RAMOS: I think something that we don’t get to talk a lot about is the moonshot. We imagine a future in which all buildings are connected and communicating with their stakeholders. A future in which transparency and innovation translate into liquidity and growth for the developer. We focus on investment optimization but are built to integrate other technologies that, for example, bring efficiencies to the actual building. In places where you have limited resources, you could still have profitable safe, secure, and sustainable housing. The objective is to have a single intelligent system that can reduce the cost of living from the perspective of the building.

According to Forbes, Deepblocks is in conversations with the U.S. Department of Housing and Urban Development. Can you tell me more about that?

RAMOS: We are still in very preliminary conversations there. HUD has a great new initiative to increase affordable housing and make the information more accessible to developers in every community across the country. We are proposing digitizing the scoring system for LIHTC [Low Income Housing Tax Credit] funding. The goal is to bring medium-small developers into the affordable housing sphere. We’re hoping to build good partnerships with federal programs so we can eventually make Deepblocks free for anyone on the LIHTC side.

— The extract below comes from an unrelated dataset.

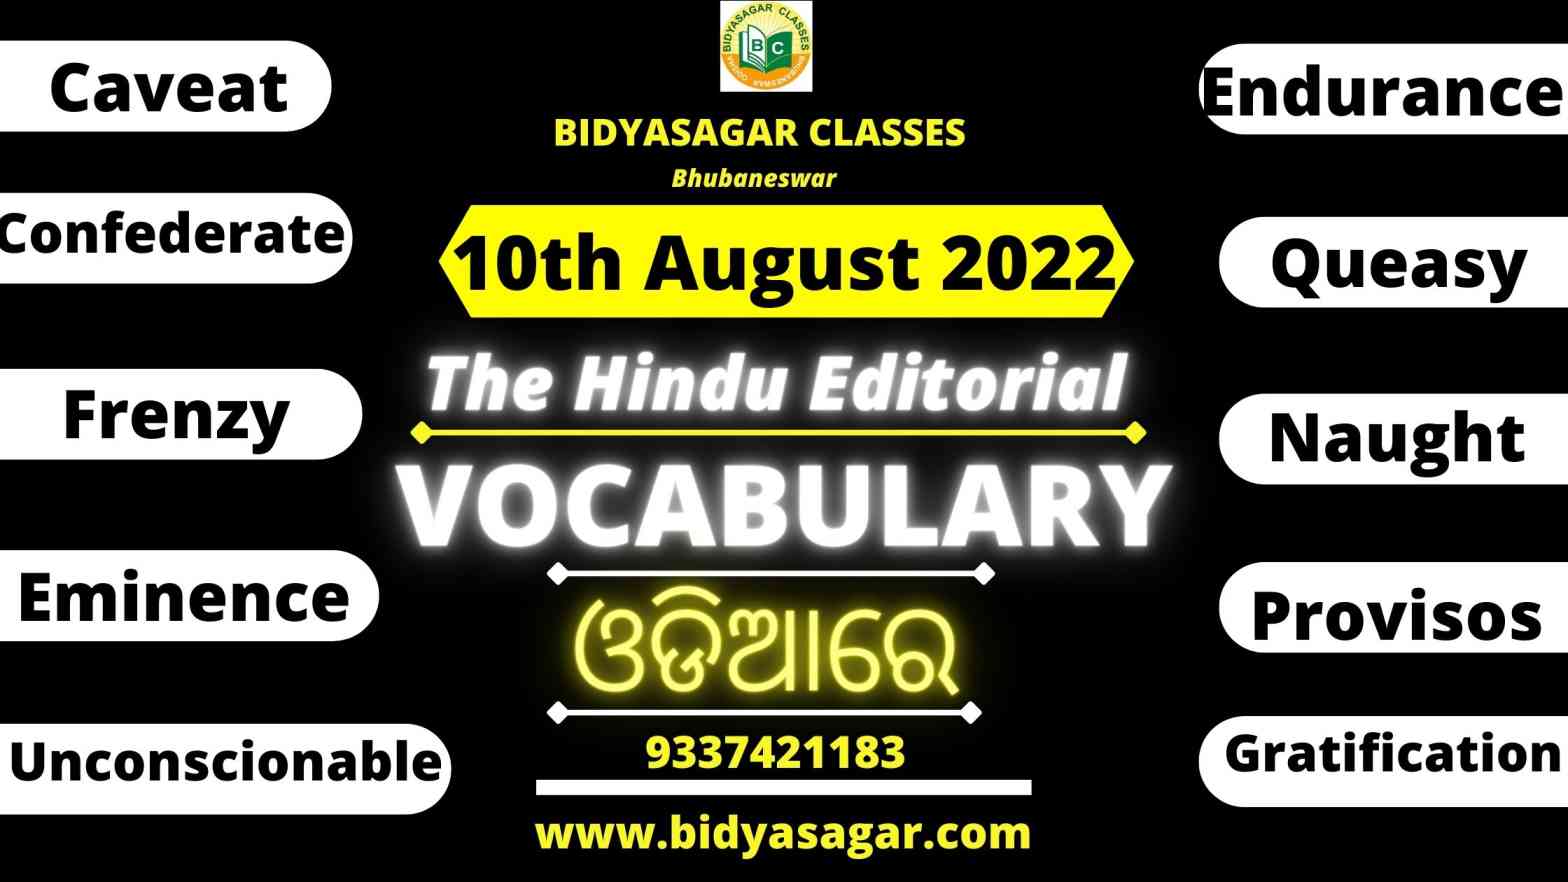 The Hindu Editorial Vocabulary of 10th August 2022

Tim, how does all of this apply to ULI members?

MOORE: Deepblocks is a huge time saver and has lots of functionality. Deepblocks users can complete what normally would take over six months or multiple years in a matter of minutes. And there are virtually no constraints, so you could look into developing the smallest property you can think of in your community to the biggest.

One of the great things about it is it’s very robust. And the more I see the demos, the more I just think of how much time it saves and just how much functionality is there. It speeds up the feasibility process. And a lot of cost goes into that as well. I think ULI members will find value in the product, particularly in creating assemblages and doing infill developments in different metro areas. This is a super-important functionality when looking at cities that are already developed densely. This is the future of development and the future of cities.